• Nenhum resultado encontrado

Da concorrência do companheiro com os descendentes na sucessão híbrida As teorias anteriores existentes e sua superação

No documento Flávio Tartuce - Vol. 06.pdf (páginas 158-163)

Como antes exposto, nos termos da correta leitura do inciso I do art. 1.790 do Código Civil, se o companheiro concorresse com descendentes comuns (de ambos), teria direito a uma quota equivalente à que por lei fosse atribuída ao descendente. Por outra via, conforme o inciso II do mesmo diploma legal, se o companheiro concorresse com descendentes só do autor da herança (descendentes exclusivos), tocar-lhe-ia metade do que couber a cada um destes.

Mais uma vez, situação não descrita na legislação referia-se à sucessão híbrida – conforme a expressão cunhada por Giselda Hironaka –, ou seja, caso em que o companheiro concorresse, ao mesmo tempo, com descendentes comuns e exclusivos do autor da herança. Novamente, a Torre de Babel doutrinária emergia, surgindo, sobre o problema, quatro correntes fundamentais bem definidas, que sempre geraram grande instabilidade jurídica, ora superada.

Para uma primeira corrente doutrinária, em casos de sucessão híbrida, dever-se-ia aplicar o inciso I do art. 1.790, tratando-se todos os descendentes como se fossem comuns, uma vez que os comuns estariam presentes.

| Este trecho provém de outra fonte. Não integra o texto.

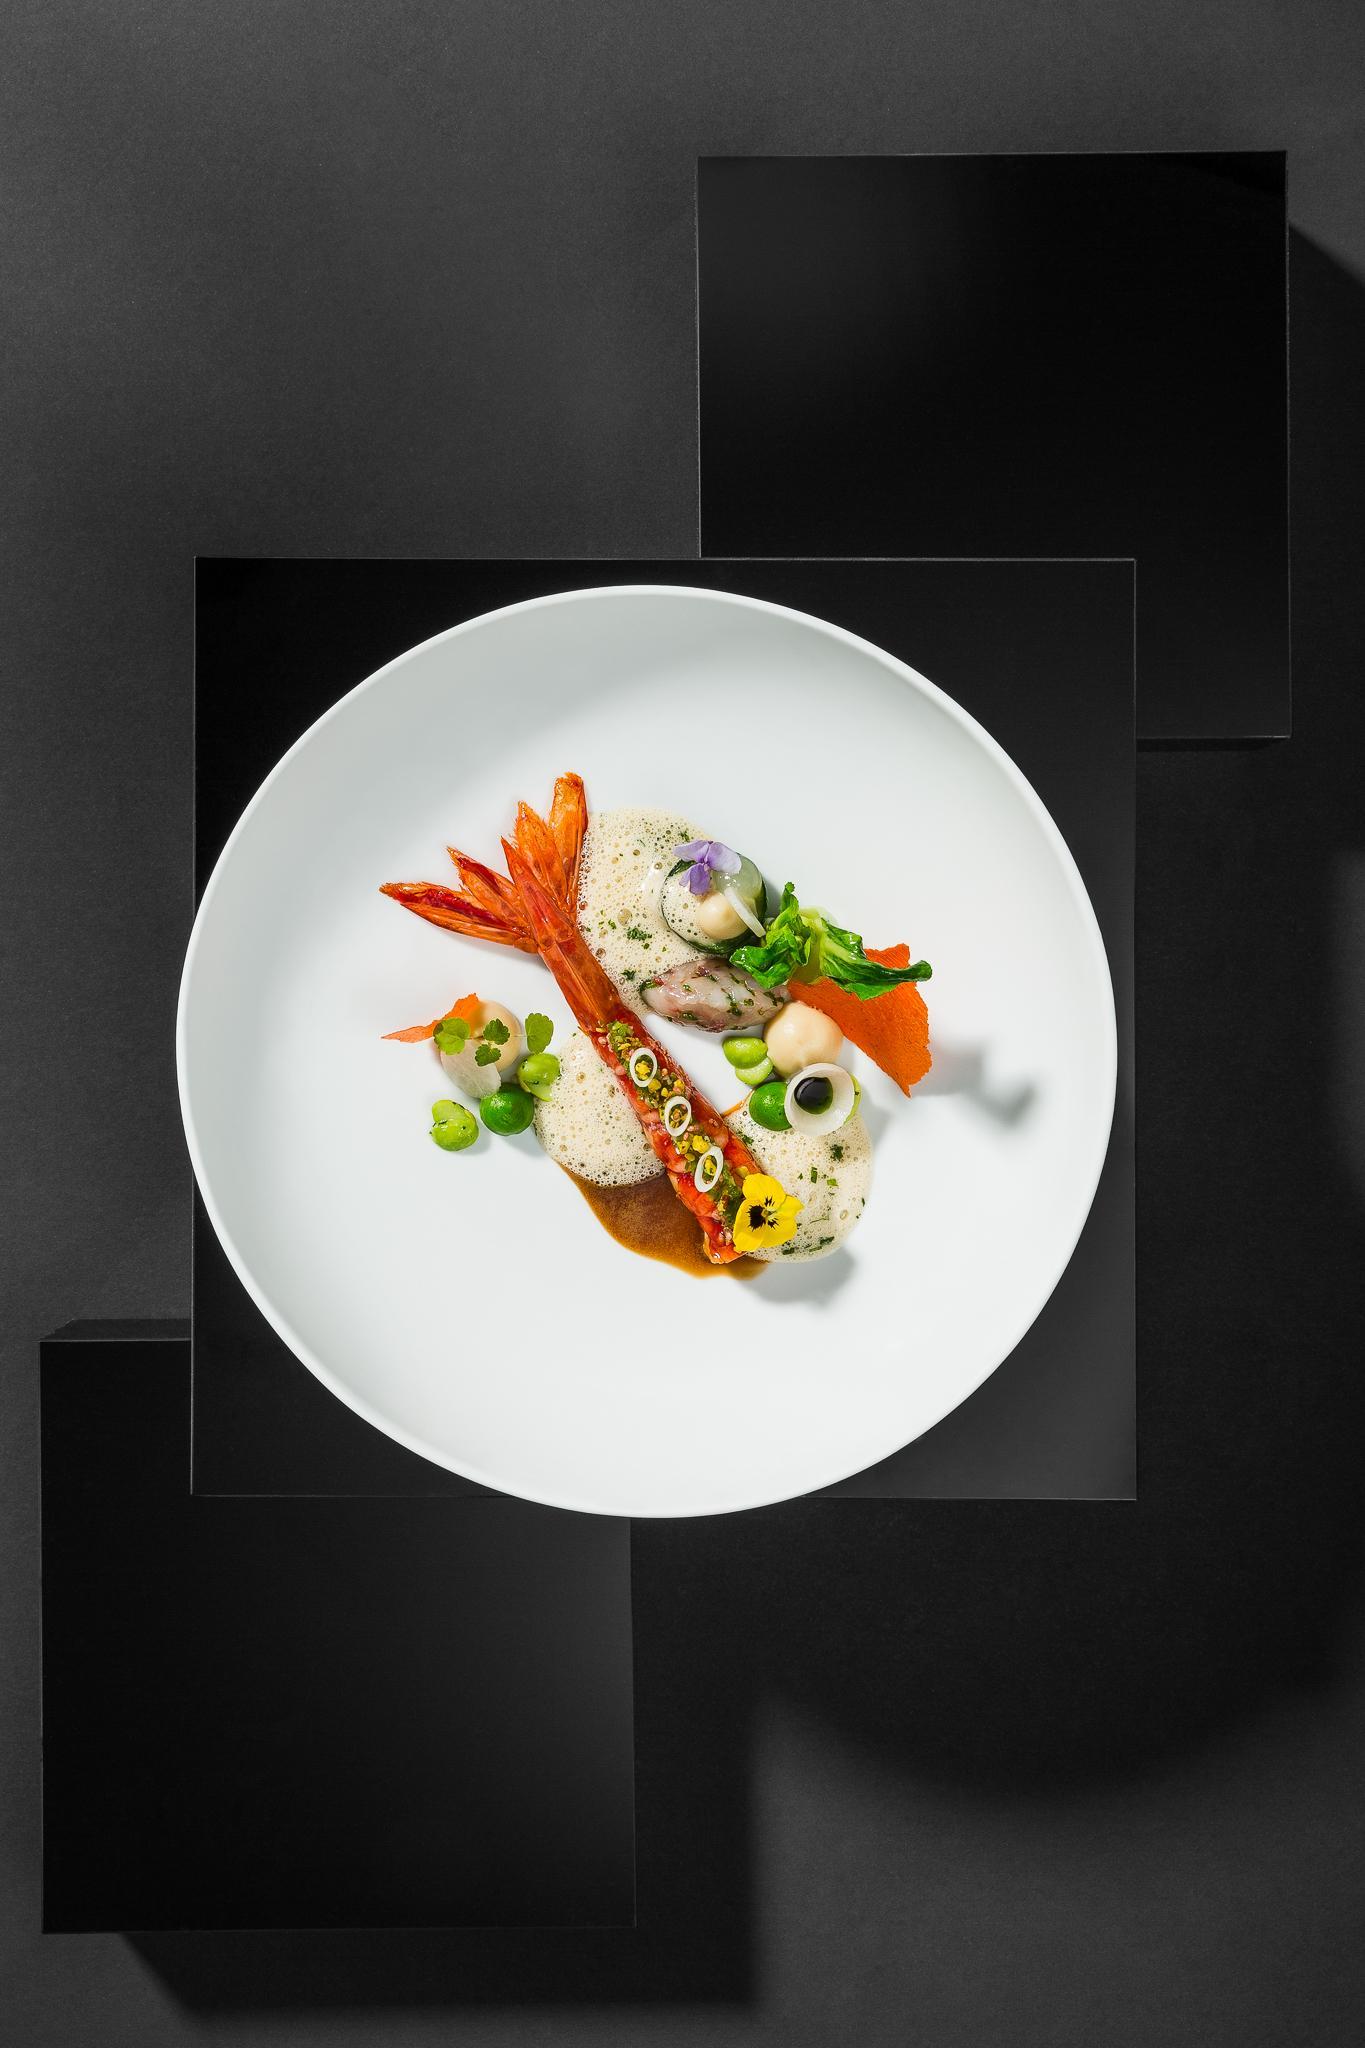 Kirchgasser Photography Bausteine Cookbook By Christian Bau

Em outras palavras, como existiam descendentes comuns, parar-se-ia a leitura no inciso I, sem descer para o inciso II. Esse entendimento era o majoritário na tabela doutrinária de Francisco Cahali, sendo seguido por Caio Mário da Silva Pereira, Christiano Cassettari, Francisco Cahali, Inácio de Carvalho Neto, Jorge Fujita, José Fernando Simão, Luiz Paulo Vieira de Carvalho, Maria Berenice Dias, Maria Helena Daneluzzi, Marcelo Truzzi Otero, Mário Delgado, Roberto Senise Lisboa, Rodrigo da Cunha Pereira, Rolf Madaleno e Sílvio de Salvo Venosa. Perfilhando-se a essa vertente, o companheiro ficaria em situação privilegiada, recebendo a

mesma quota dos descendentes.

Adotando tal forma de pensar, cabe trazer à colação o seguinte acórdão anterior, do Tribunal de Justiça do Distrito Federal:

“Civil. Agravo de instrumento. União estável. Sucessão. Concorrência da companheira com filhos comuns e exclusivos do autor da herança. Aplicação do art. 1.790, I, CC. 1. Predomina na doutrina o entendimento de que, diante da lacuna da Lei quanto à hipótese de concorrência entre a companheira, herdeiros comuns e herdeiros apenas do autor da herança, a melhor solução é dividir de forma igualitária os quinhões hereditários entre o companheiro sobrevivente e todos os filhos. 2. Negou-se provimento ao agravo do Ministério Público do Distrito Federal” (TJDF, Recurso 2010.00.2.012714-7, Acórdão 459.890, 2.ª Turma Cível, Rel. Des. Sérgio Rocha, DJDFTE 11.11.2010, p. 82).

Para uma segunda corrente, presente a sucessão híbrida, teria subsunção o inciso II do art. 1.790, tratando-se todos os descendentes como se fossem exclusivos, só do autor da herança. Este autor estava filiado a tal corrente, assim como Gustavo René Nicolau, Maria Helena Diniz, Sebastião Amorim, Euclides de Oliveira e Zeno Veloso. Ora, como a sucessão é do falecido, havendo dúvida por omissão legislativa, os descendentes deveriam ser tratados como se fossem só dele, do falecido. Essa corrente parecia ser a melhor a ser seguida também pelo fato de que, entre tutelar o companheiro e filhos, a preferência deveria ser pelos últimos, pois o companheiro receberia meia quota daquilo que fosse atribuído aos descendentes. O mandamento constitucional prefere os filhos ao companheiro, o que pode ser facilmente percebido pela leitura de várias regras que estão no art. 227 do Texto Maior.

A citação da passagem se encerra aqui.